_MATERIAL FOR THIS TASK_:
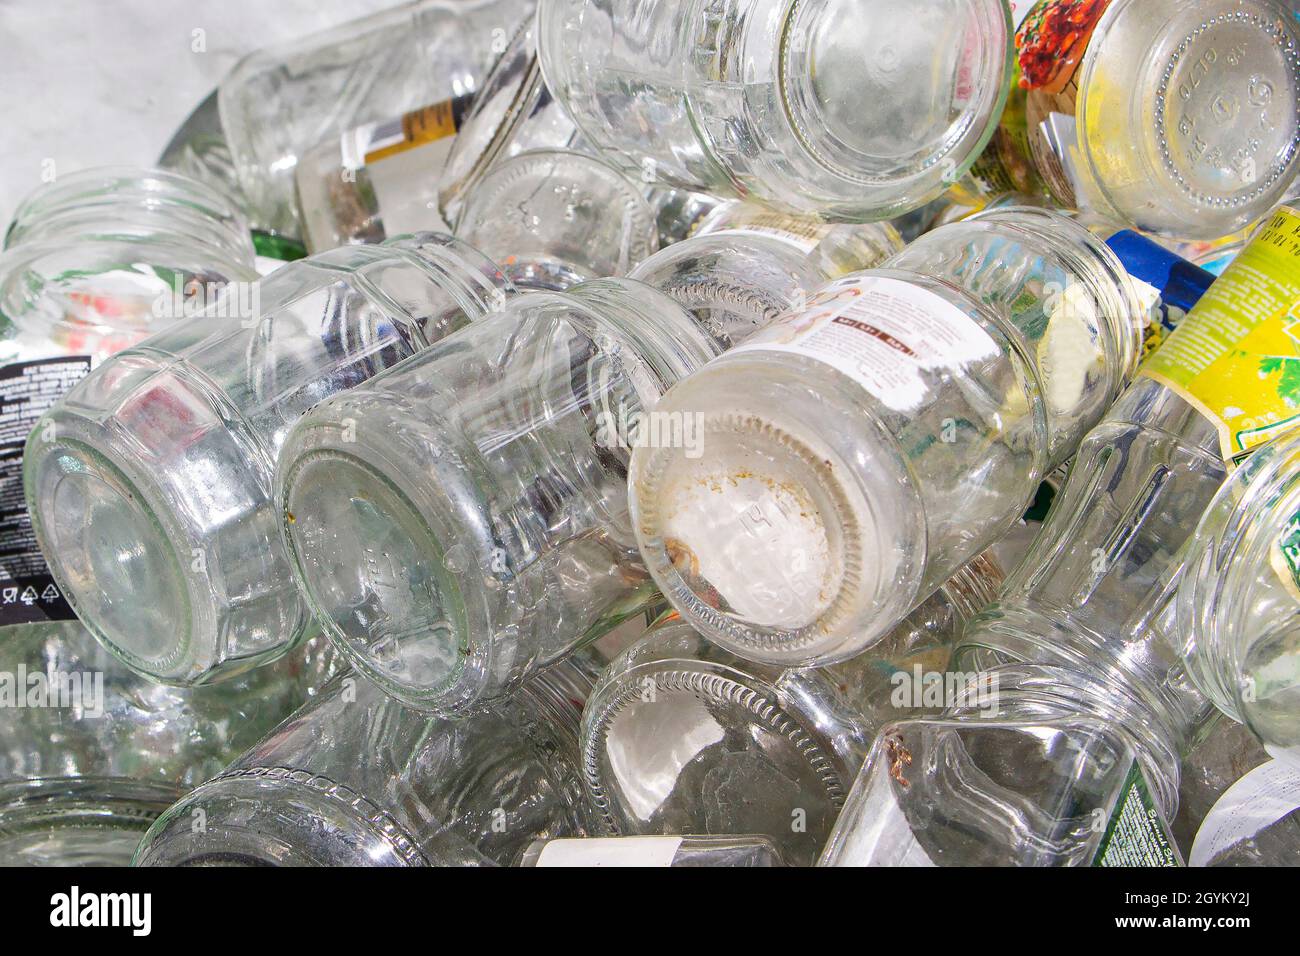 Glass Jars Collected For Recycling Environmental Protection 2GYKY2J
...
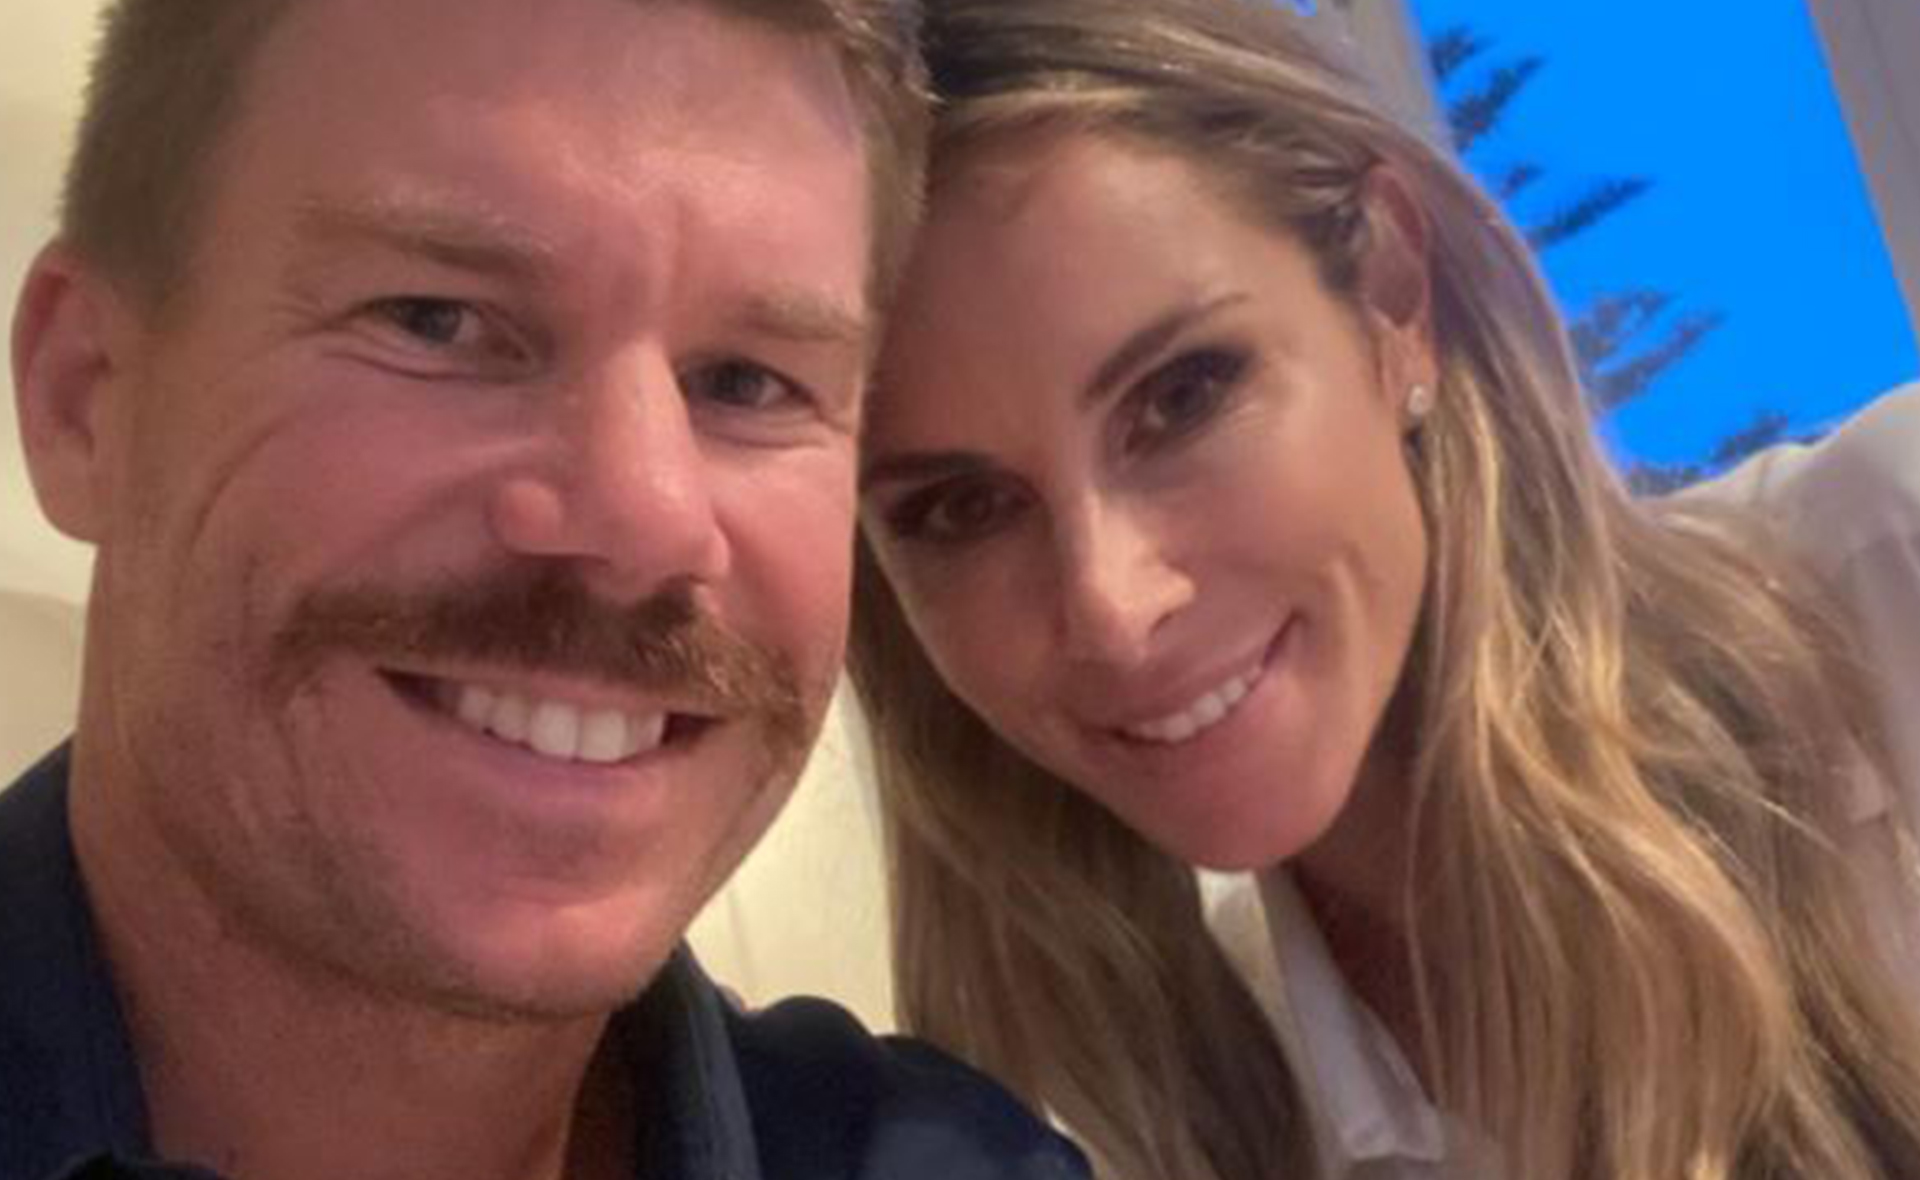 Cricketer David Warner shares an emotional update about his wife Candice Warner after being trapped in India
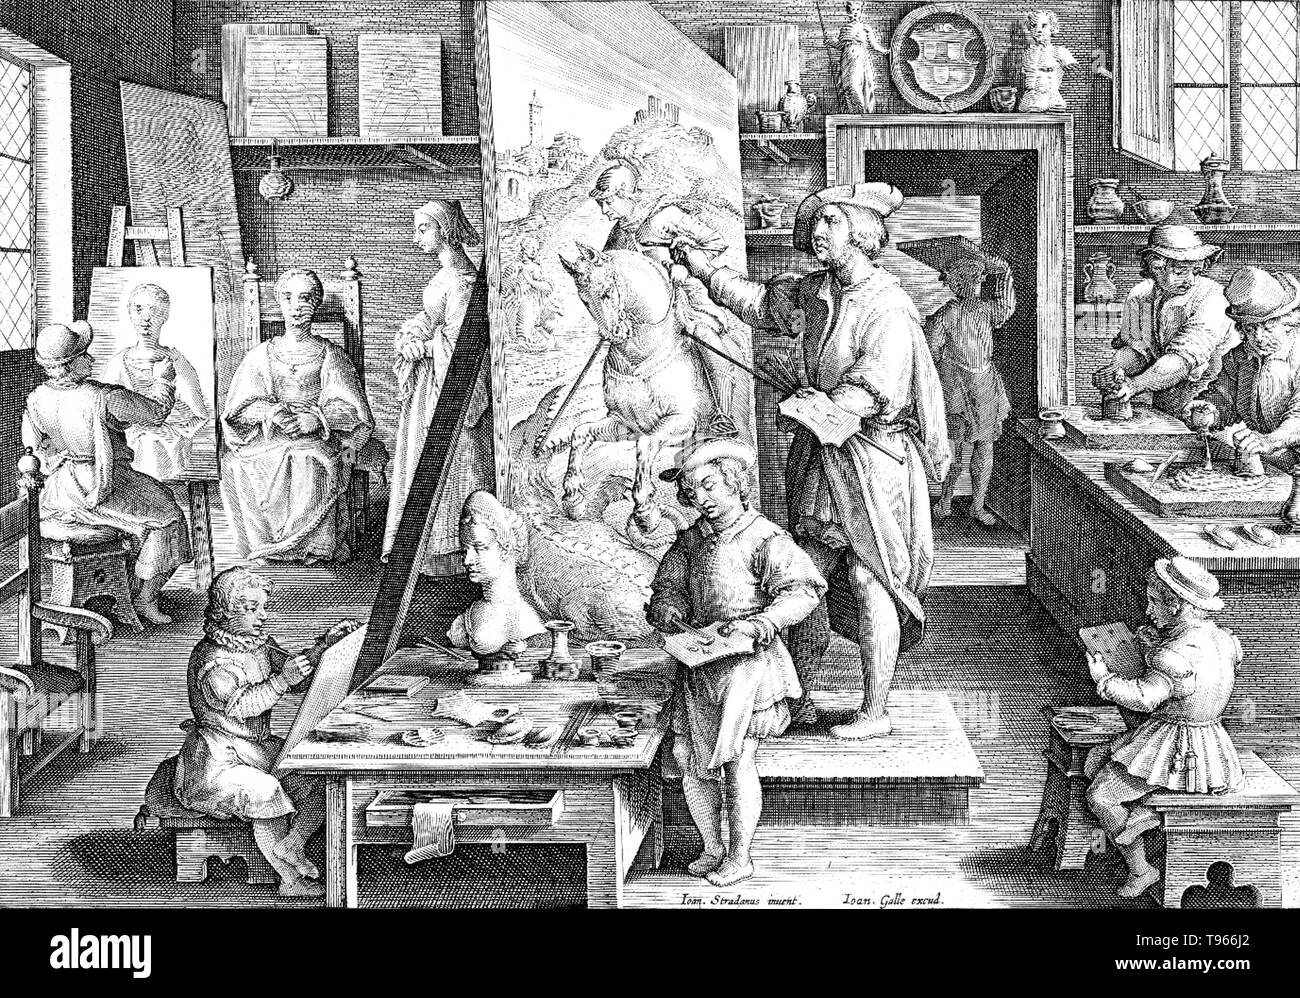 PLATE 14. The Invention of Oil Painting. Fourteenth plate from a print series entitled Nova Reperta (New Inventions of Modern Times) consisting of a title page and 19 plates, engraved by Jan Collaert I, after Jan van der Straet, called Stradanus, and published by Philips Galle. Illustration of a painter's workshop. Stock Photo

_TASK REQUIREMENTS_: Beginning with the line above that has "Cricketer David Warner" and going on through the line that has "PLATE 14. The", retype every line exactly and add nothing else; drop the pictures.

_YOUR SOLUTION_:
 Cricketer David Warner shares an emotional update about his wife Candice Warner after being trapped in India
 PLATE 14. The Invention of Oil Painting. Fourteenth plate from a print series entitled Nova Reperta (New Inventions of Modern Times) consisting of a title page and 19 plates, engraved by Jan Collaert I, after Jan van der Straet, called Stradanus, and published by Philips Galle. Illustration of a painter's workshop. Stock Photo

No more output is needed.